NCT number NCT00562471
Other study ID # ADH-02-1
Secondary ID ADH-02-1.1ADH-02
Status Completed
Phase Phase 1/Phase 2
First received November 20, 2007
Last updated November 21, 2007
Start date July 2003
Est. completion date January 2005

Study information

Verified date November 2007
Source Angiotech Pharmaceuticals
Contact n/a
Is FDA regulated No
Health authority Germany: Federal Institute for Drugs and Medical DevicesNetherlands: The Central Committee on Research Involving Human Subjects (CCMO)Canada: Health Canada
Study type Interventional

Clinical Trial Summary

The purpose of this study was to determine whether the adhesion prevention gel was safe to use, and was effective for the prevention/reduction of adhesion formation that typically occurs following gynecological surgery to remove myomas


Description:

Postoperative adhesions are a common medical complication of gynecologic and pelvic surgeries, and are frequently associated with chronic or recurrent pelvic pain, intestinal obstruction and infertility.

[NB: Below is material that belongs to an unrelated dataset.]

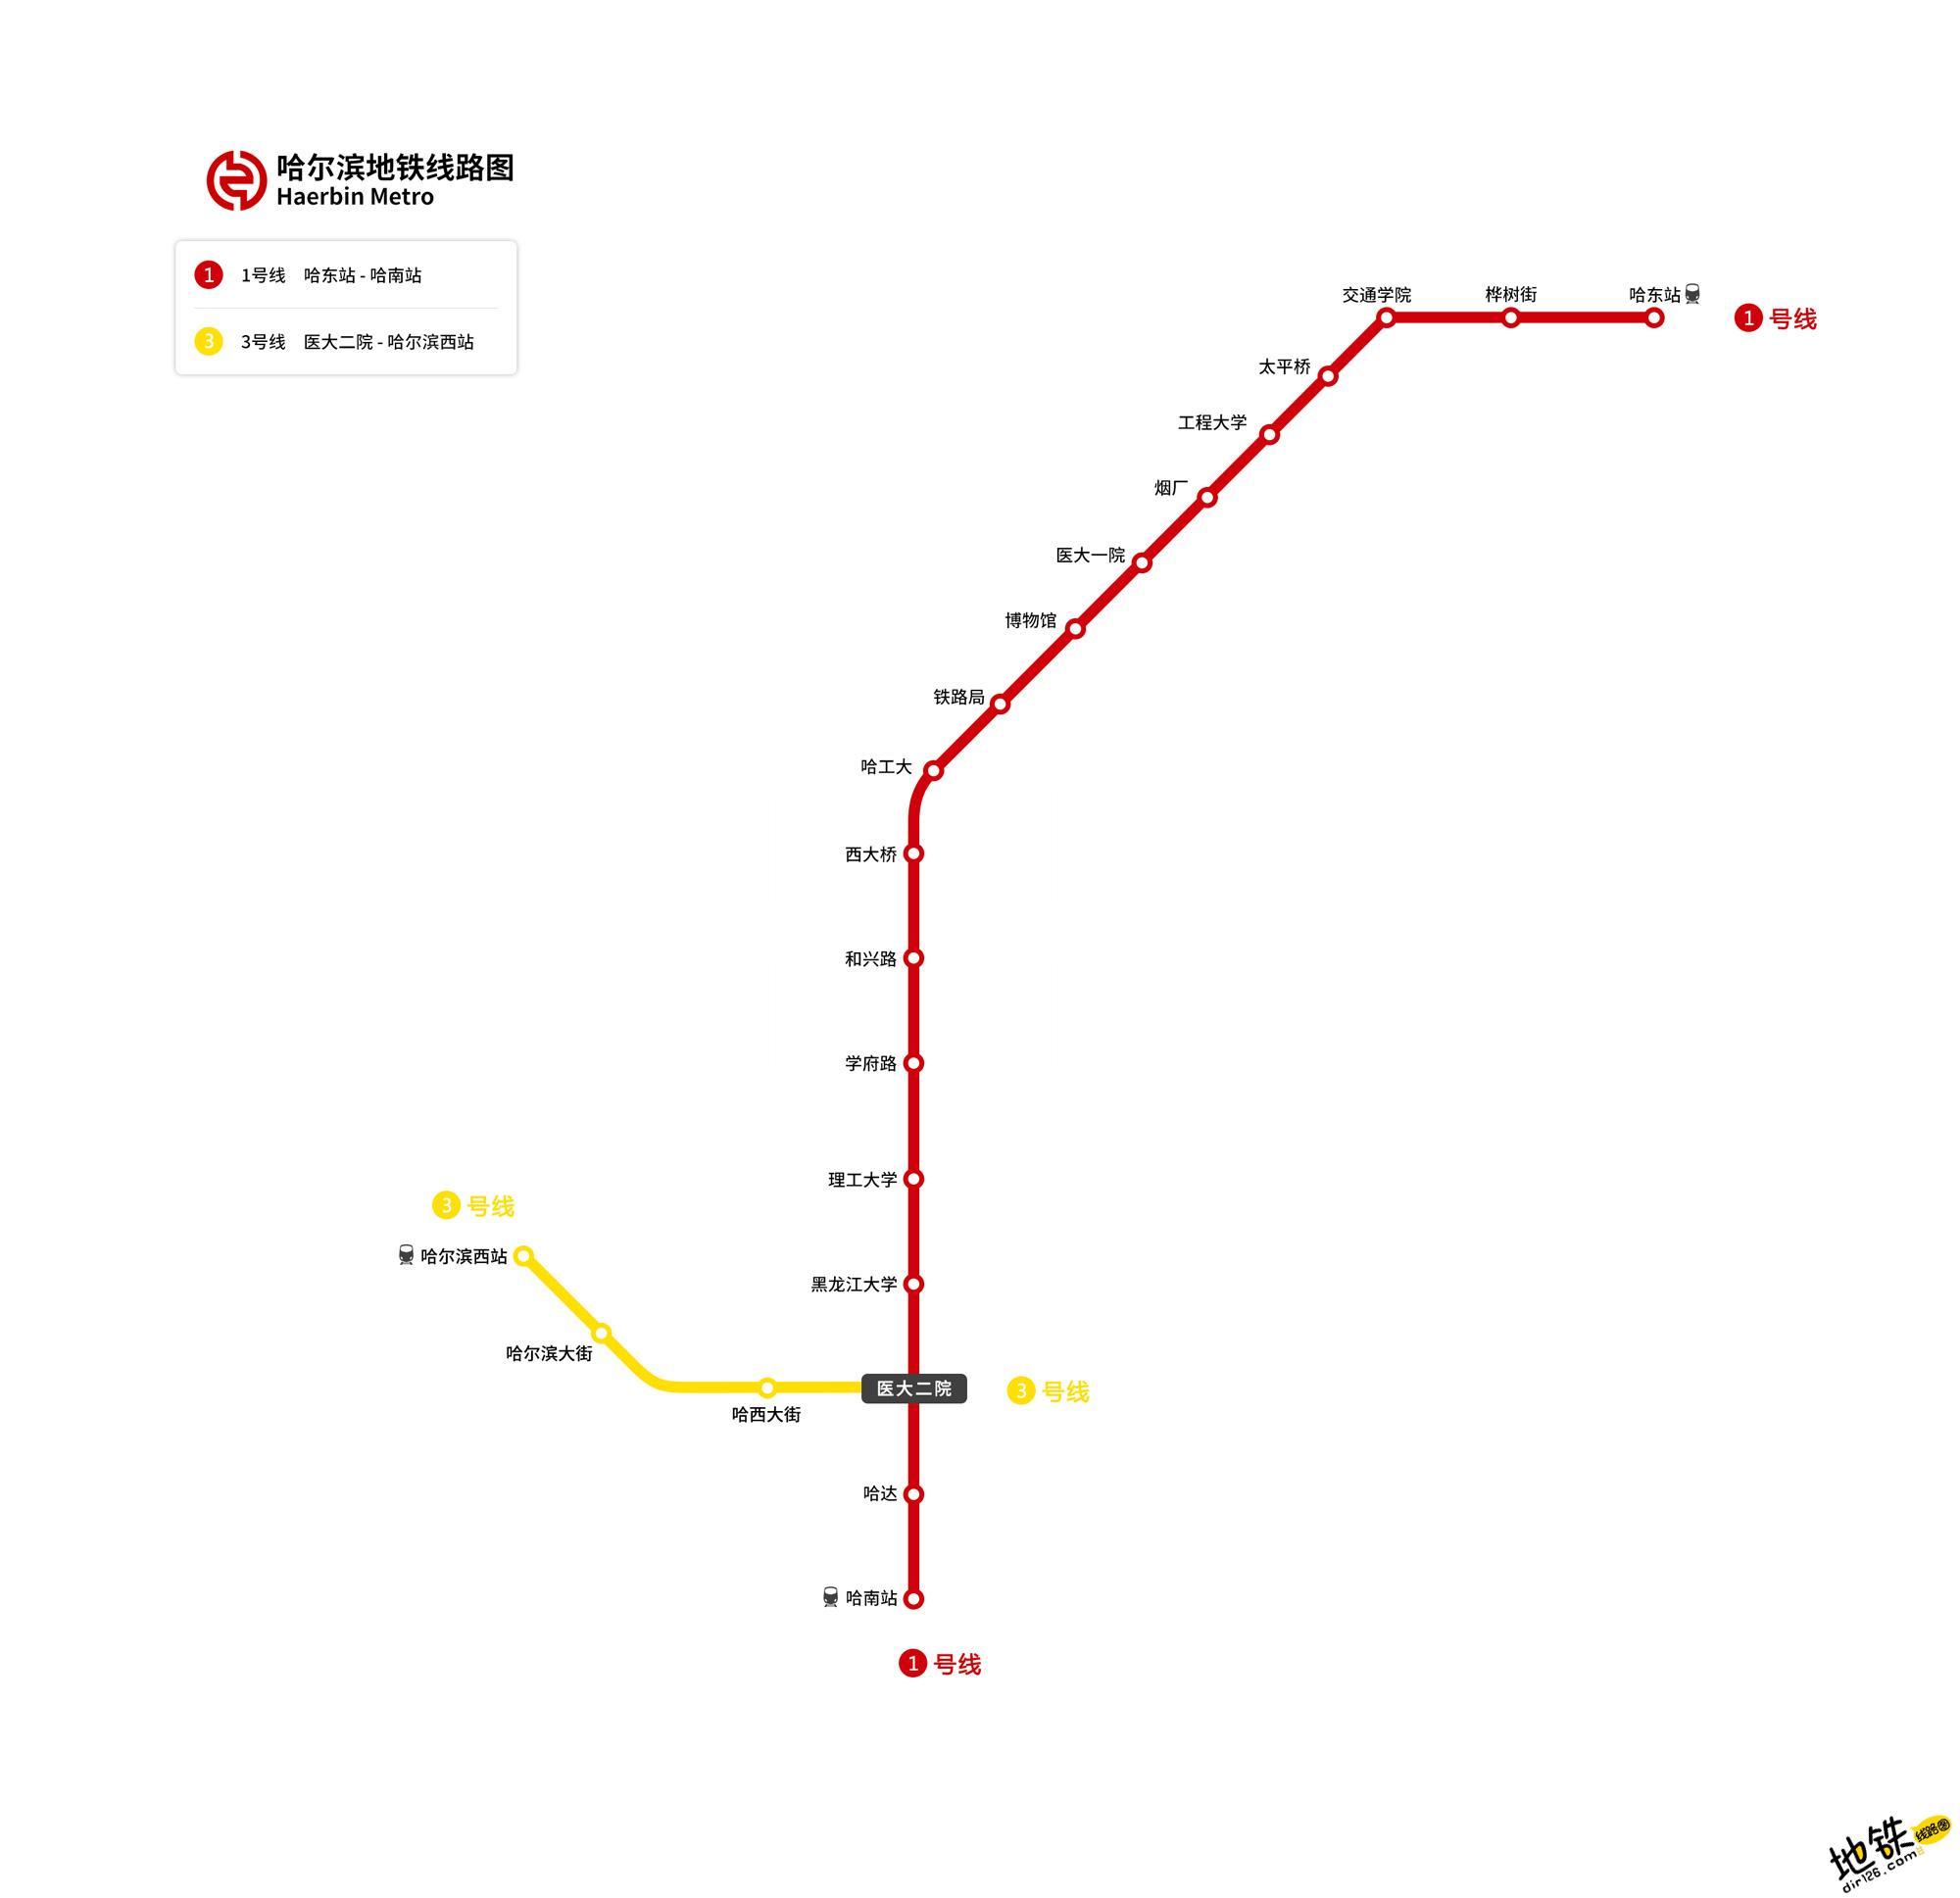 哈尔滨地铁线路图 运营时间票价站点 查询下载 哈尔滨地铁查询 哈尔滨地铁线路图 哈尔滨地铁票价 哈尔滨地铁运营时间 哈尔滨地铁 哈尔滨地铁线路图  第1张

This randomized, controlled, multicenter, clinical study was designed to evaluate the safety and performance of Adhibit™ Adhesion Prevention Gel versus the standard of care for the reduction of postoperative adhesions in subjects undergoing myomectomy via laparotomy or laparoscopy. Subjects were scheduled to return within 6-8 weeks after the initial surgical procedure. At that time, a second-look laparoscopy was performed for postoperative adhesion assessment. Adhesions were graded using a modified American Fertility Society (mAFS) scoring method.

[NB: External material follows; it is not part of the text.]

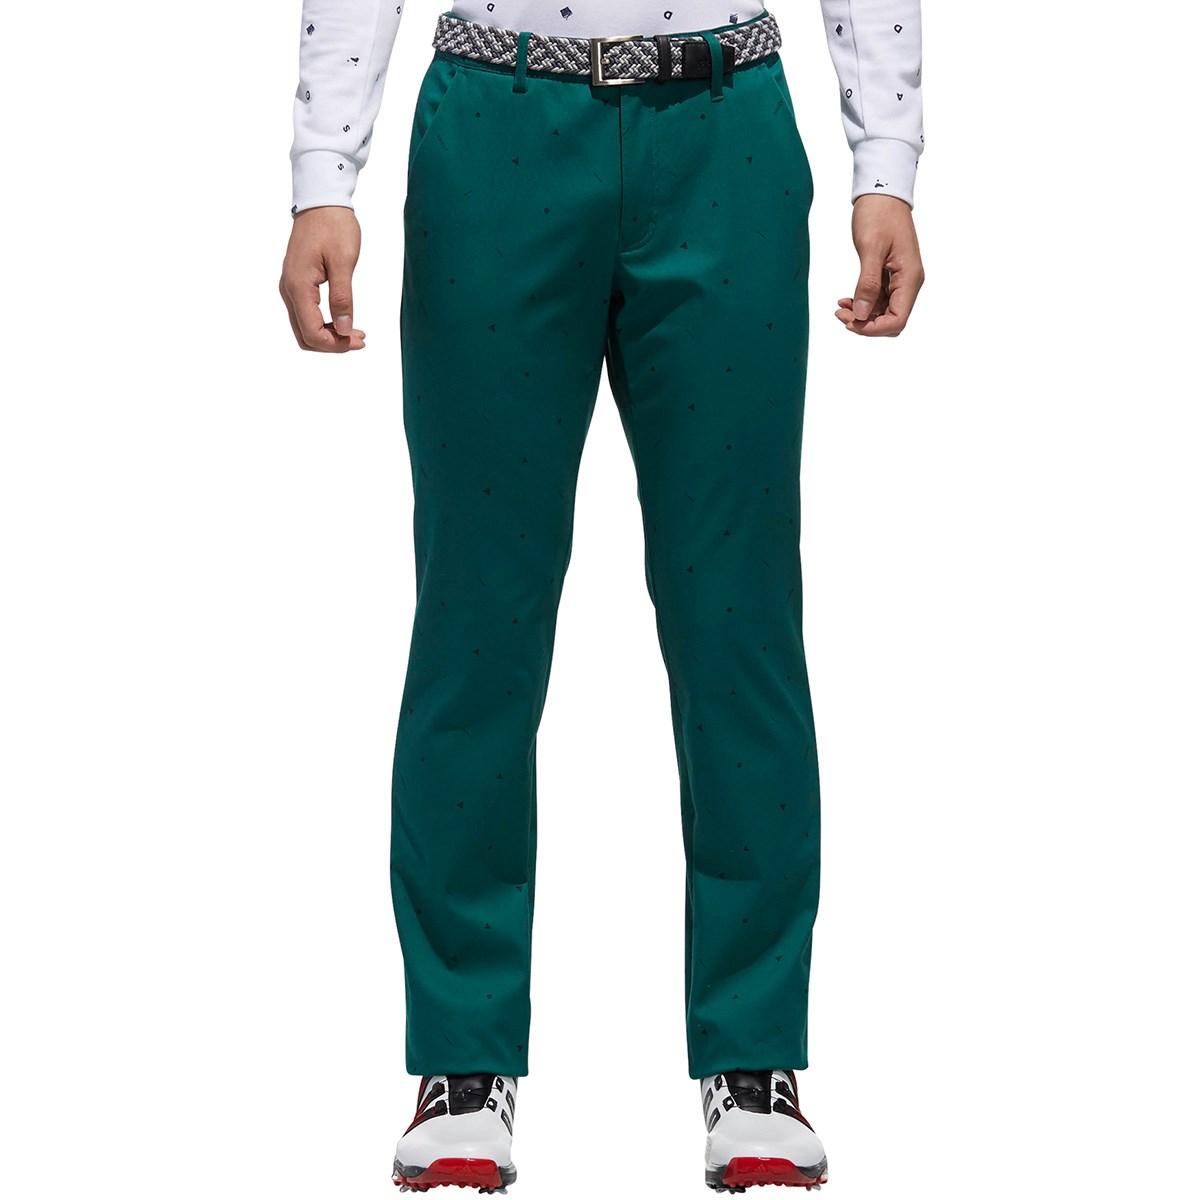 アディダス(adidas) adicross モノグラム ストレッチパンツ

Recruitment information / eligibility

Status Completed
Enrollment 76
Est. completion date January 2005
Est. primary completion date
Accepts healthy volunteers No
Gender Female
Age group 18 Years and older
Eligibility Inclusion Criteria:

Preoperatively, subjects must have had:

- Been scheduled for myomectomy via laparotomy or laparoscopy.

- Agreed to a second-look laparoscopic procedure to assess and lyse any adhesions formed at 6 to 8 weeks following myomectomy.

- Been >=18 years of age.

- Provided voluntary written informed consent.

- Been willing to comply with all aspects of the treatment and evaluation schedule.

Intra-operatively, subjects must have had:

- Had at least one 2 cm incision length on posterior uterine surface, which may include the fundal surface.

Exclusion Criteria:

Preoperatively, subjects must not have had:

- Been pregnant.

- Had a pelvic malignancy.

- Had acute pelvic inflammatory disease.

- Had an immune compromised condition.

- Been a participant in another clinical research study which the investigator believed could interfere with the purpose of this study.

- Been given corticosteroids intra-operatively or during the course of the postoperative study follow up.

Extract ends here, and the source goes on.